An answer which said that this was a good idea for processes that were sharing
memory / code / libraries did not receive any credit (because as mentioned
above, the entire address space is shared). Answers that reconignized that
threads share address spaces, or that these two processes would actually be
threads if they were sharing page tables received full credit. A few answers
also mentioned fork() or vfork(), and said that the new child process shares
the same address space as the parent. These answers were also given full credit
for having the right concept.
Many answers were accepted for this part -- even those that said that any
allocation algorithm is not better than any other, or that an adversary could
always give you a sequence of allocations that will work for one allocation
method, but not another. However, the answer we were looking for was that over
a long period of time (in the average case), first-fit will have less
fragmentation than best-fit, because best-fit leaves a lot of "sawdust".
Another perfectly valid answer would be to give an example (like the one in
class) where best-fit fails during a sequence of allocations, but first-fit
Answer (thanks to Seungbeom Kim):
Yes. For example, if allocation requests are made so that the smallest (best)
size of the free memory block is almost always a little larger than the
requested size (instead of exactly the same), a best-fit allocator will leave
a lot of very small free memory blocks that are not very useful ("sawdust").
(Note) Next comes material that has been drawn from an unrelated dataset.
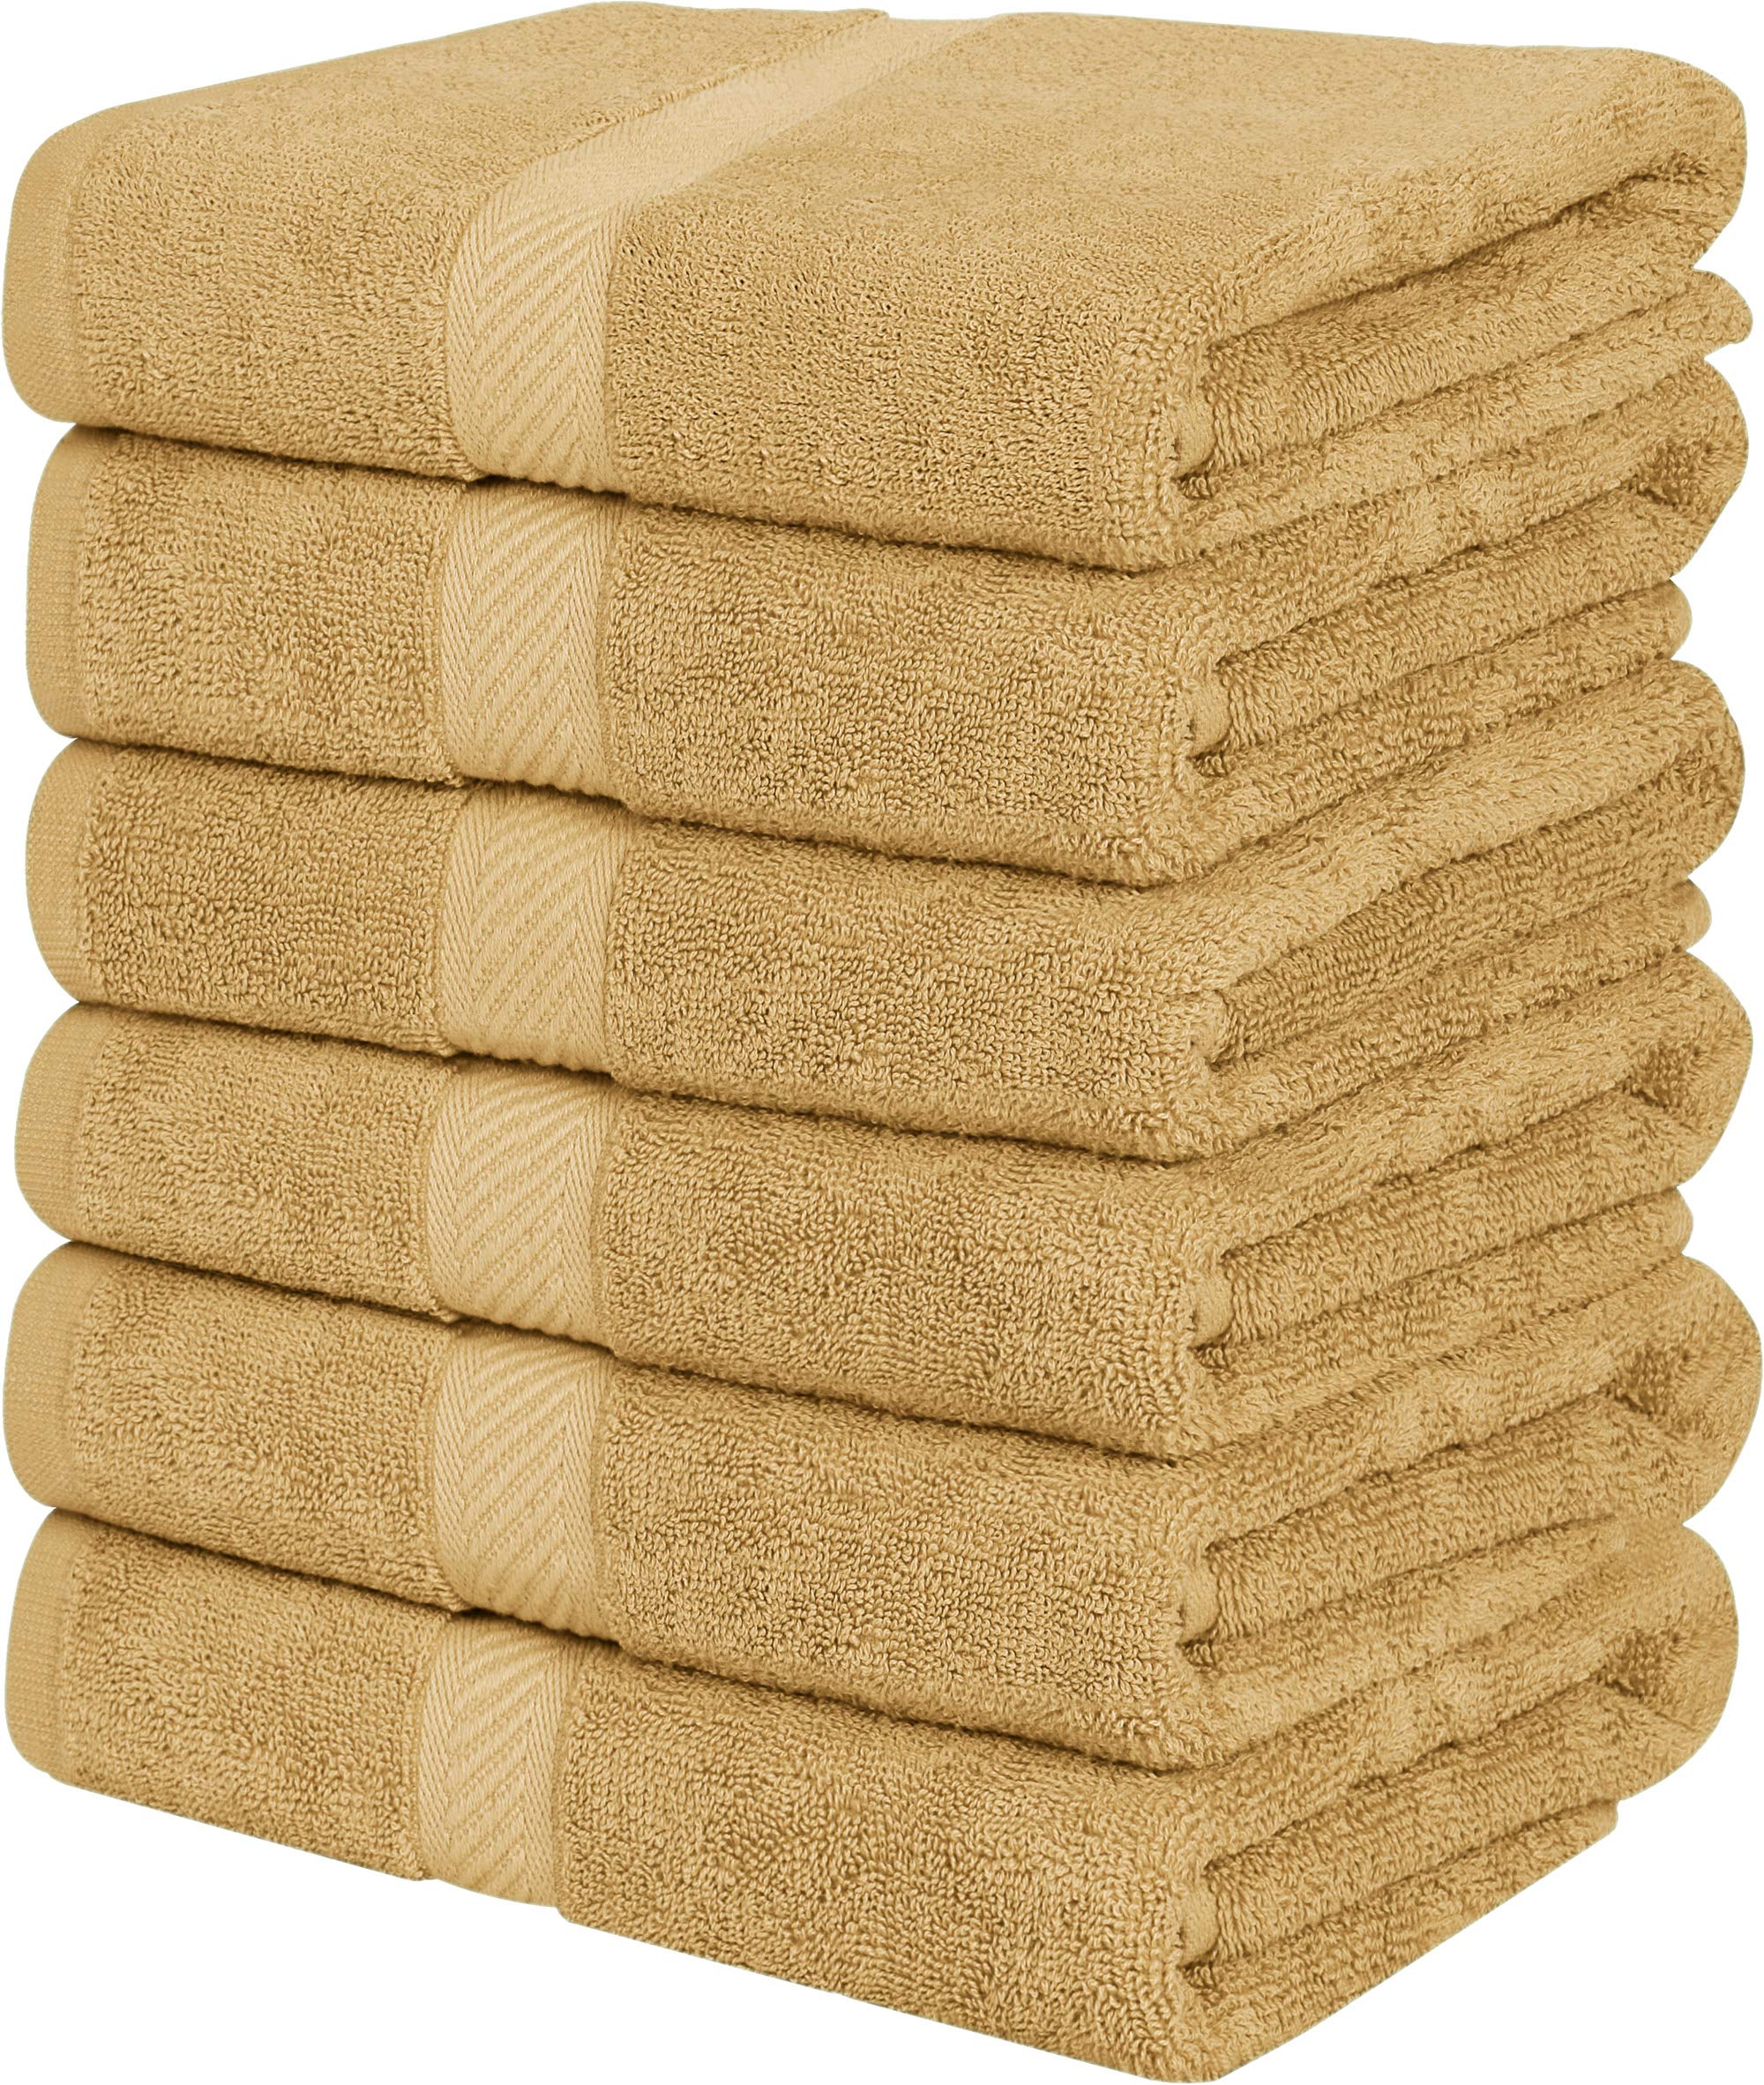 Utopia Towels 6 Pack Bath Towel Set, 100% Ring Spun Cotton (24 X
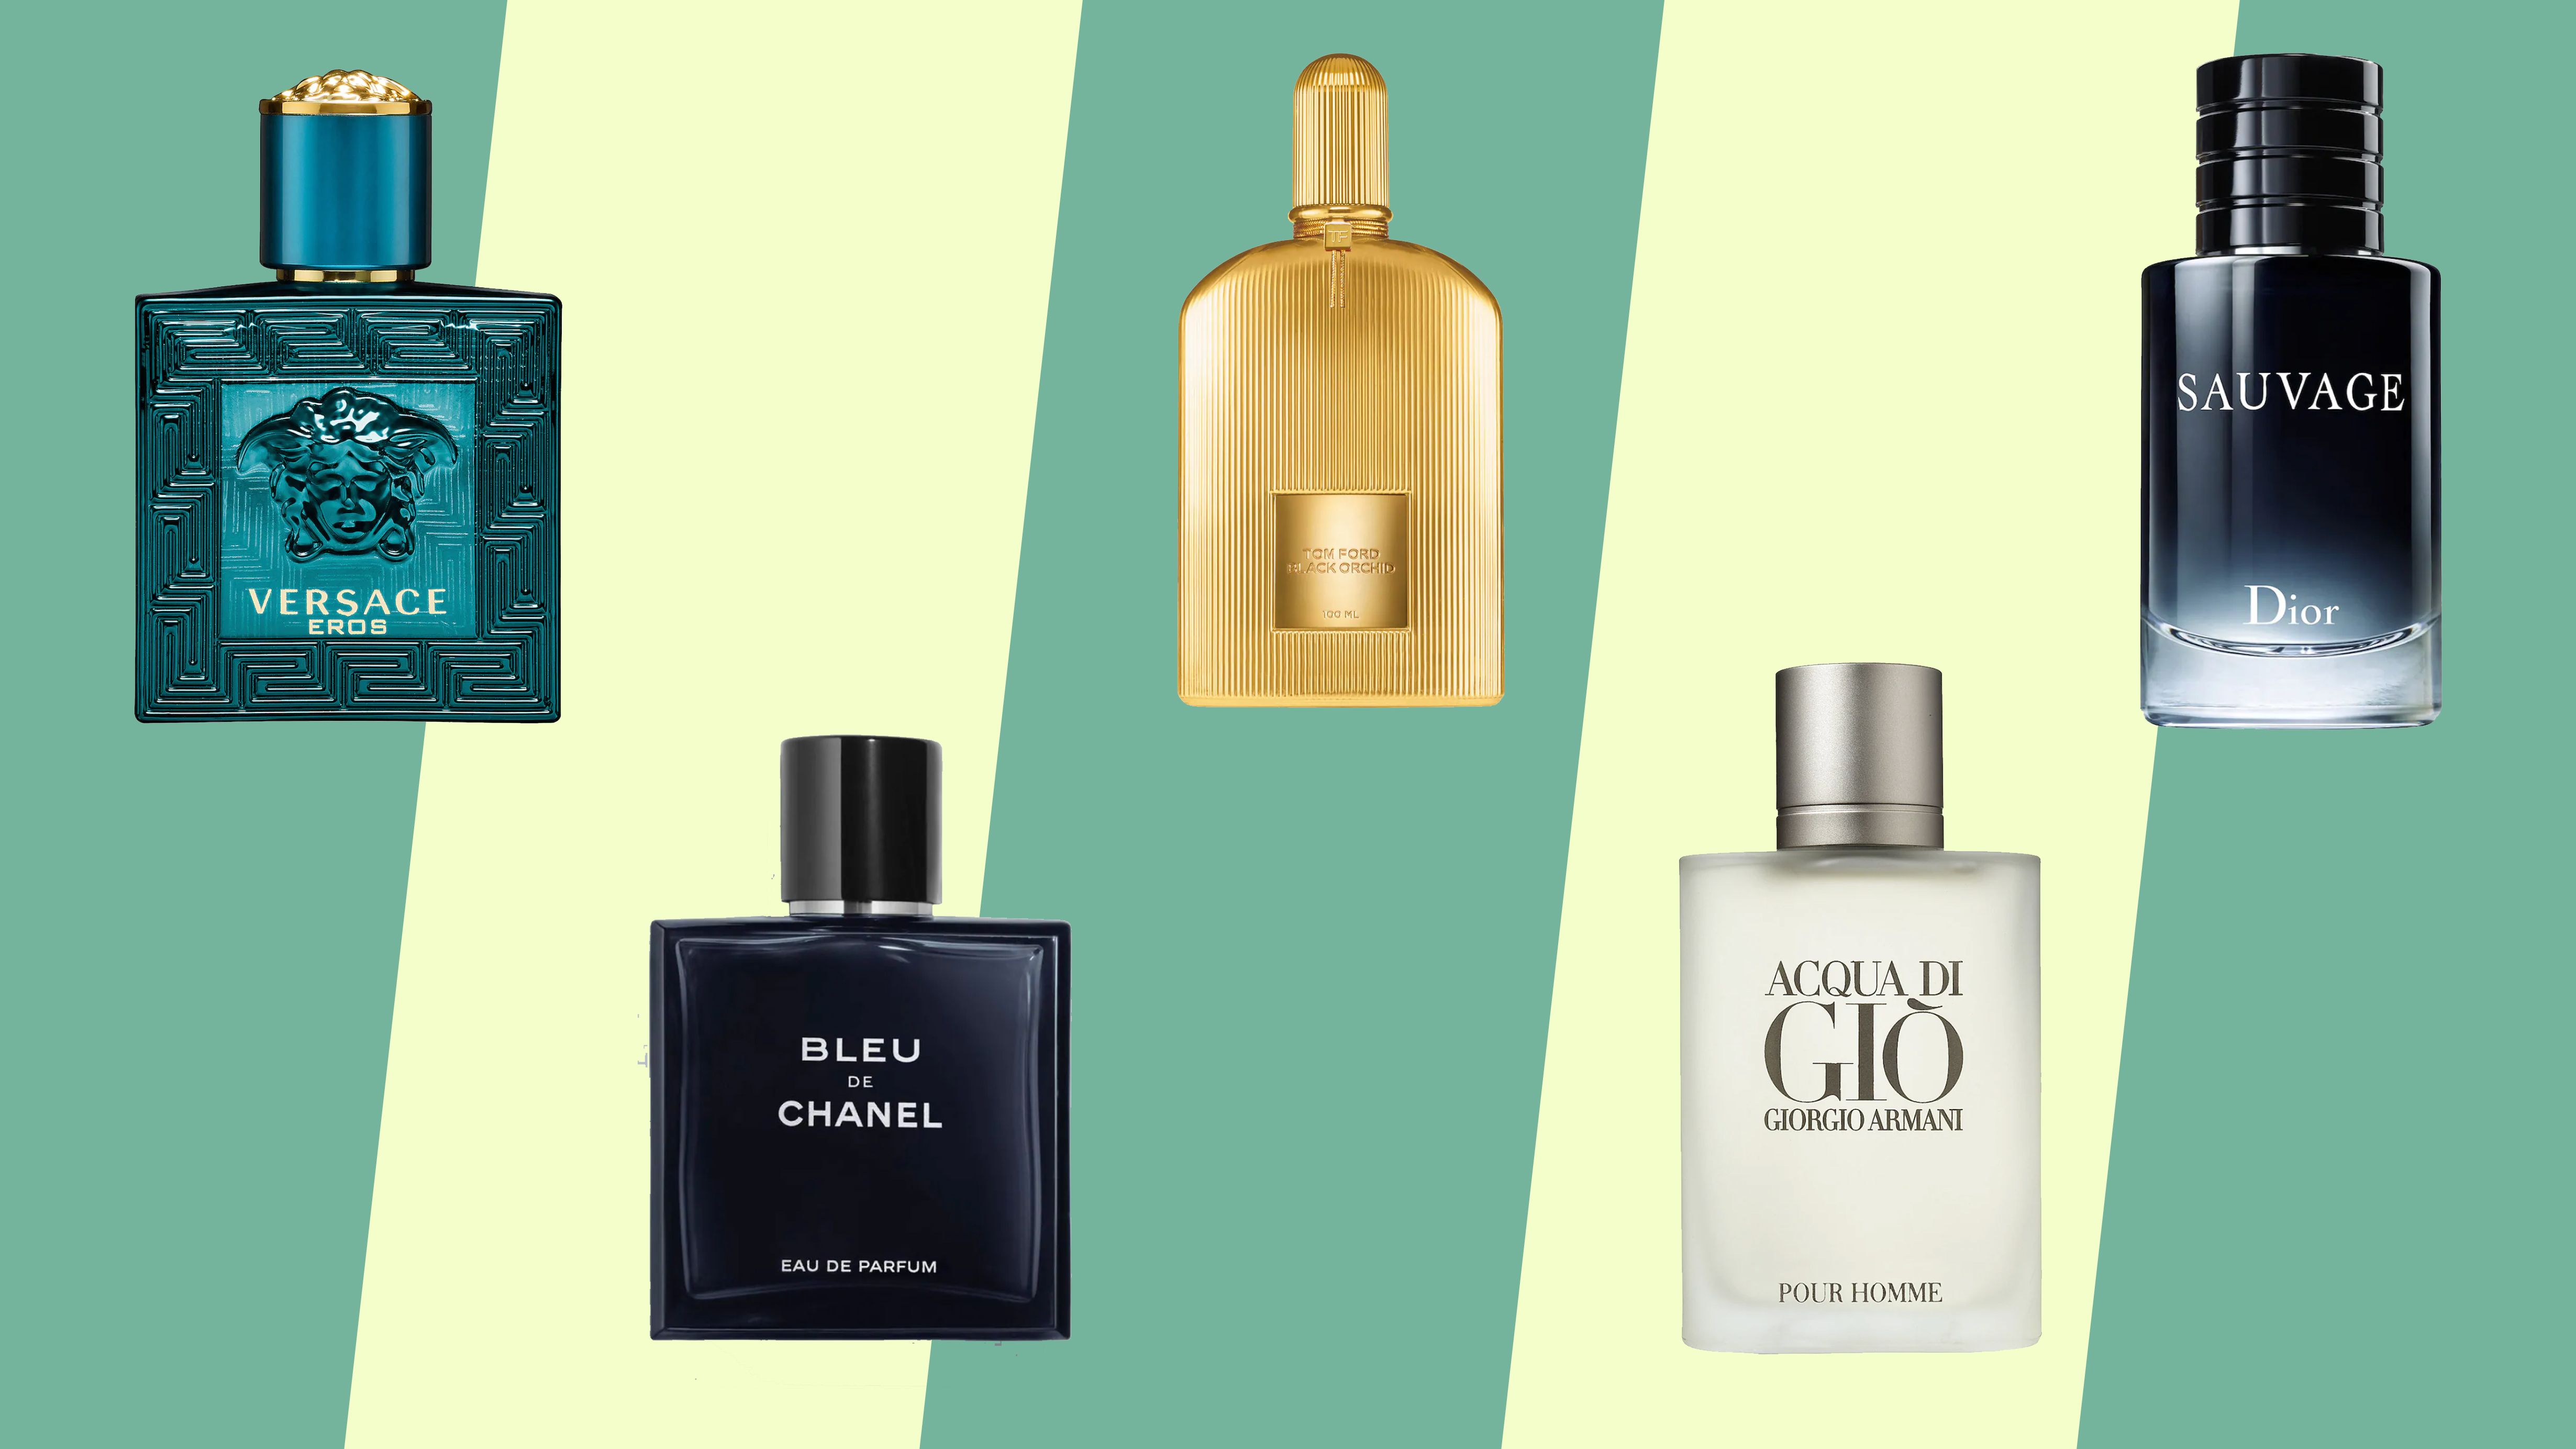 Chanel Blue De Chanel Cologne! The Best Fragrance For Men

In this case, which we can expect not to be very rare, a first-fit allocator
can have less fragmentation.
It seems likely that the locks used in your Nachos implementation
actually protect some Nachos' state from concurrent access. Killing
the process holding a lock and releasing the lock will violate this
protection guarantee and can result in the protected state being left
in an inconsistent condition. It seems likely that this will result in
something not working correctly.
move variable into register R1.
add one to R1 putting result into register R2.
Compare variable with R1 if match swap variable with R2.
if compare fail, goto try_again;
This code works fine when done in an interrupt handler. The
compare-and-swap is atomic with respect to interrupts. Any
interleaving of an interrupt that changes the variable will cause the
compare-and-swap to fail and the operation tried again.
Starvation and deadlock are different things so preventing a deadlock
doesn't prevent starvation. In a deadlock there exists no scheduling
that would exit the deadlock waiting while in starvation there exists
a possible exit path but the path is not being taken.
It never makes sense to spin on a lock on a uniprocessor. The optimal
spin time would be zero. For a multiprocessor, you should spin for 2
times the blocking cost.
This question can be answered in a number of different ways. One way
is to argue that it would be easier to add multiple threads per
address space to OS-A than it would be to add address spaces to
OS-B. A plausible argument for this would be adding address spaces to
an OS would impact more of the system than simply having threads (that
are already implemented) share the same address space.
It also was acceptable to argue the concurrency of threads in the same
address space would cause more difficulties than simply subdividing
threads into different address spaces. Hence it would be easier to
start with OS-B.
You grade was based on how well your justified your answer.
Yes. Deadlock requires waiting, it doesn't matter if it is
busy-waiting (i.e. spin locks) or blocking locks.
Since the compiler gets to control the context switch done as part of
a procedure call, the amount of state that needs to be saved and
restored can be smaller than context switching threads that can happen
at an arbitrary point in the execution.